▶ [What you should do]:
From top to bottom, print the listing word for word and skip any pictures it contains.

▶ [Exercise data]:

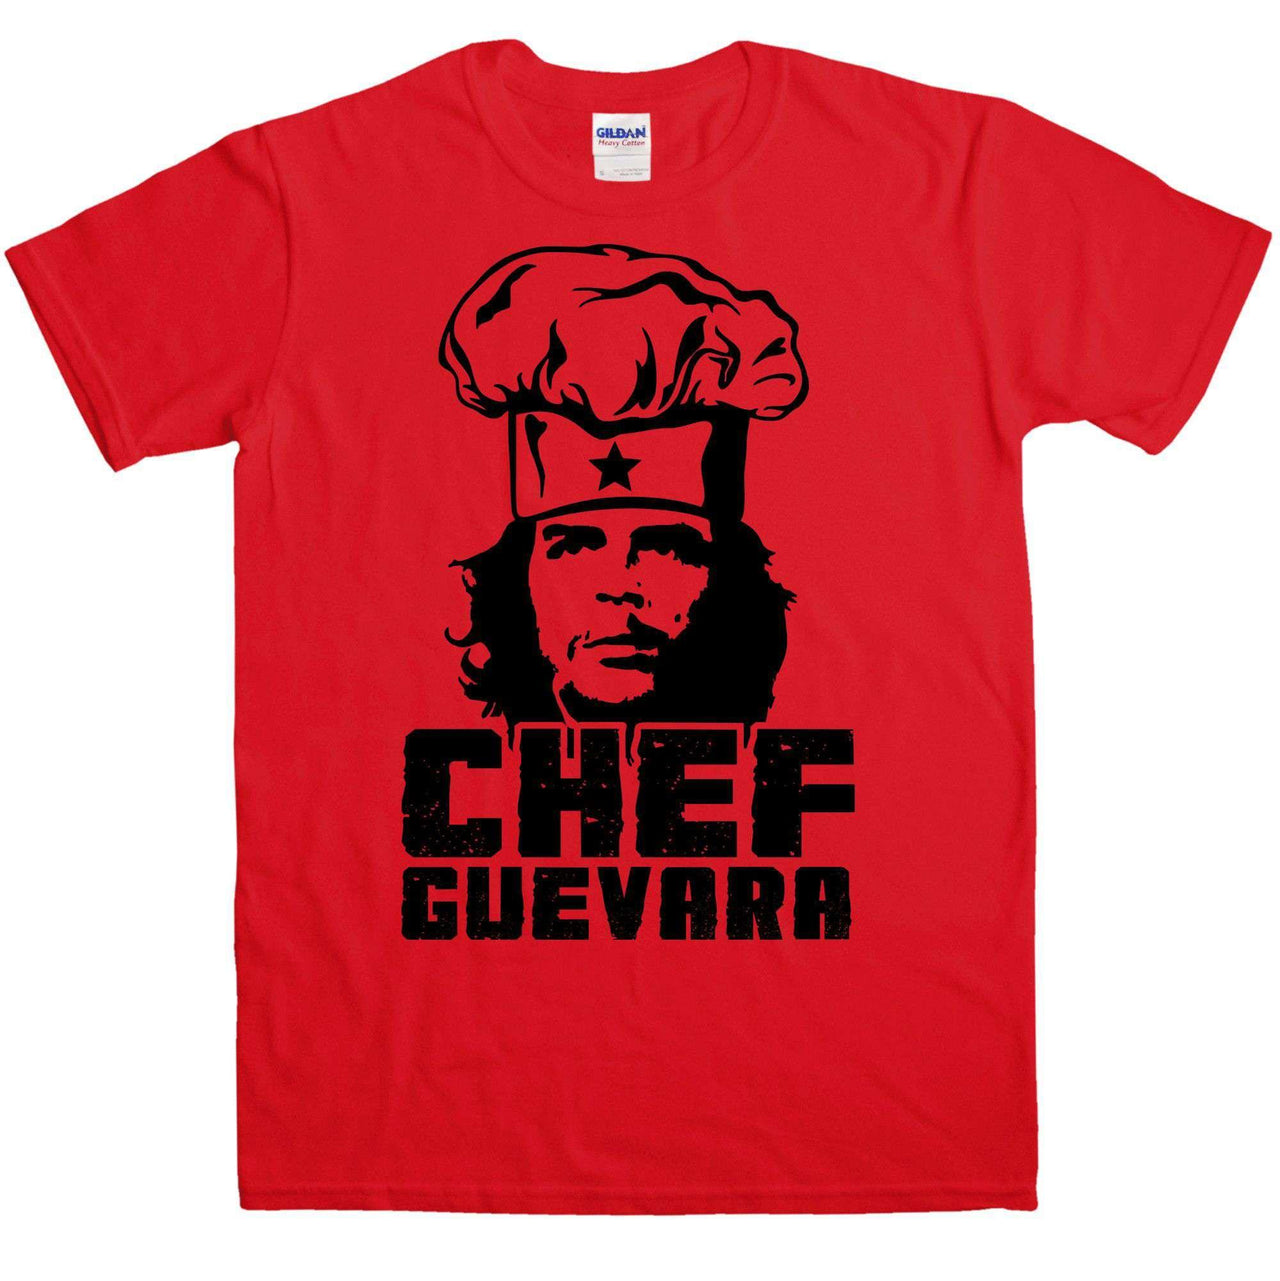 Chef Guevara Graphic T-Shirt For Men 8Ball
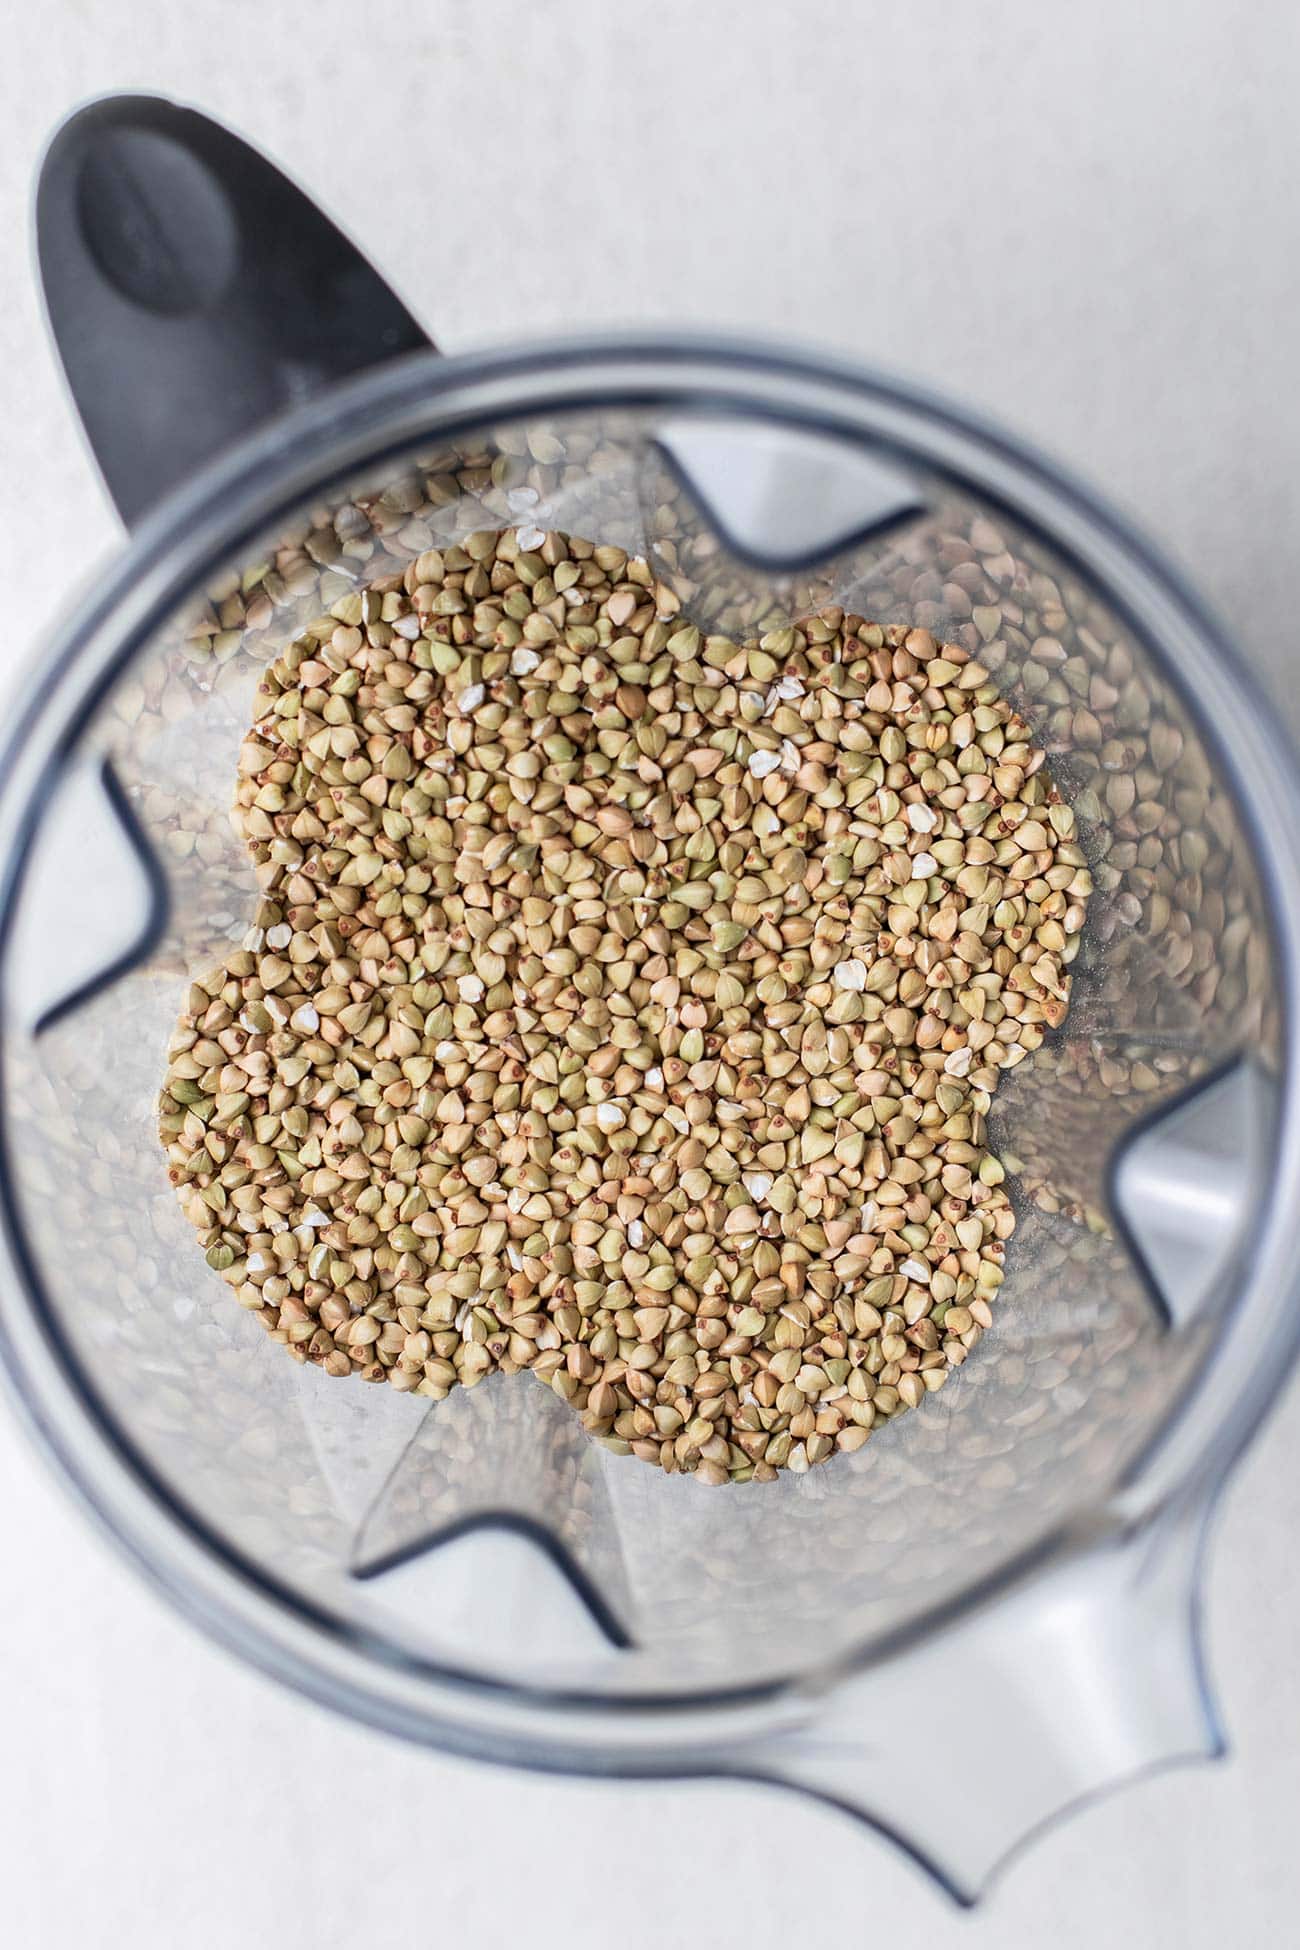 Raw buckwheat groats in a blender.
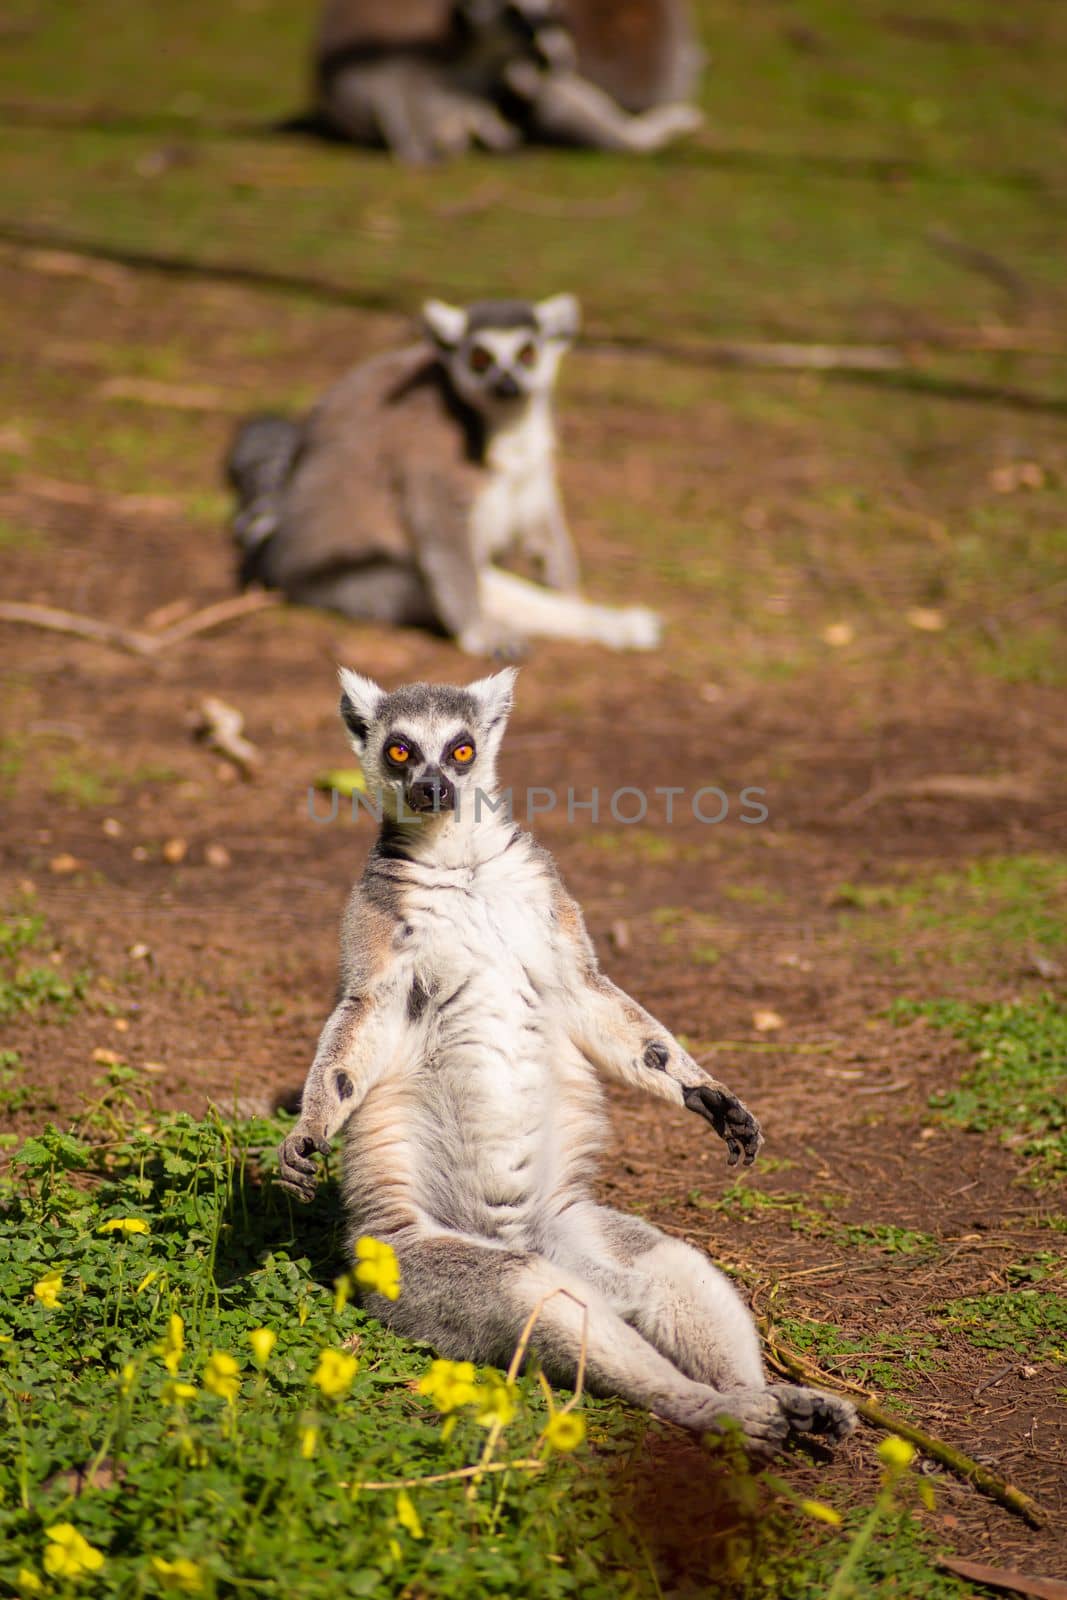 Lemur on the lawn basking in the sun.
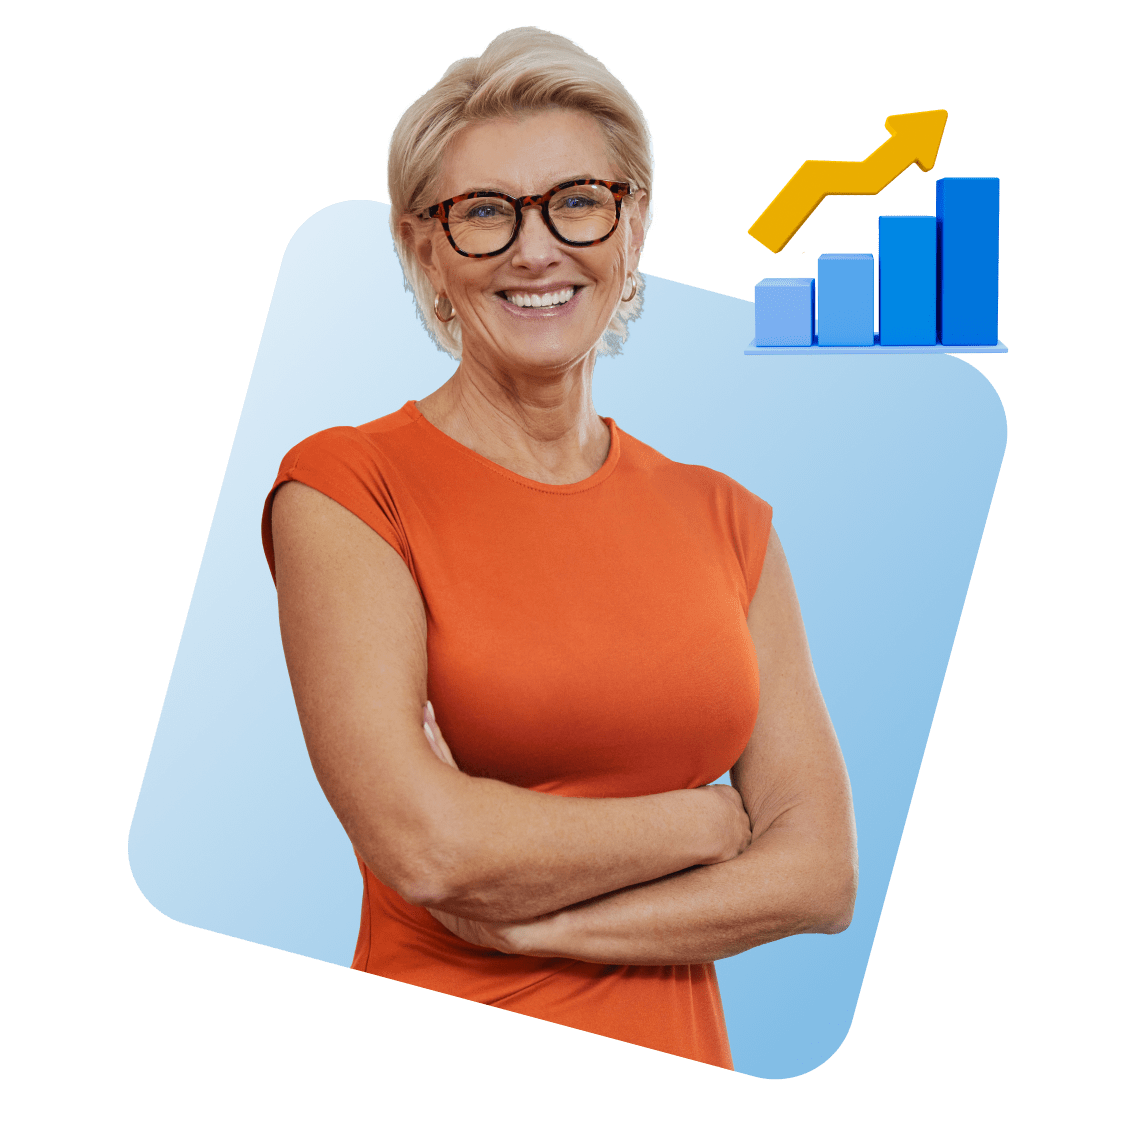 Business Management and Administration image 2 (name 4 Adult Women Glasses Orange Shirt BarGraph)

▶ [Task response]:
 Chef Guevara Graphic T-Shirt For Men 8Ball
 Raw buckwheat groats in a blender.
 Lemur on the lawn basking in the sun.
 Business Management and Administration image 2 (name 4 Adult Women Glasses Orange Shirt BarGraph)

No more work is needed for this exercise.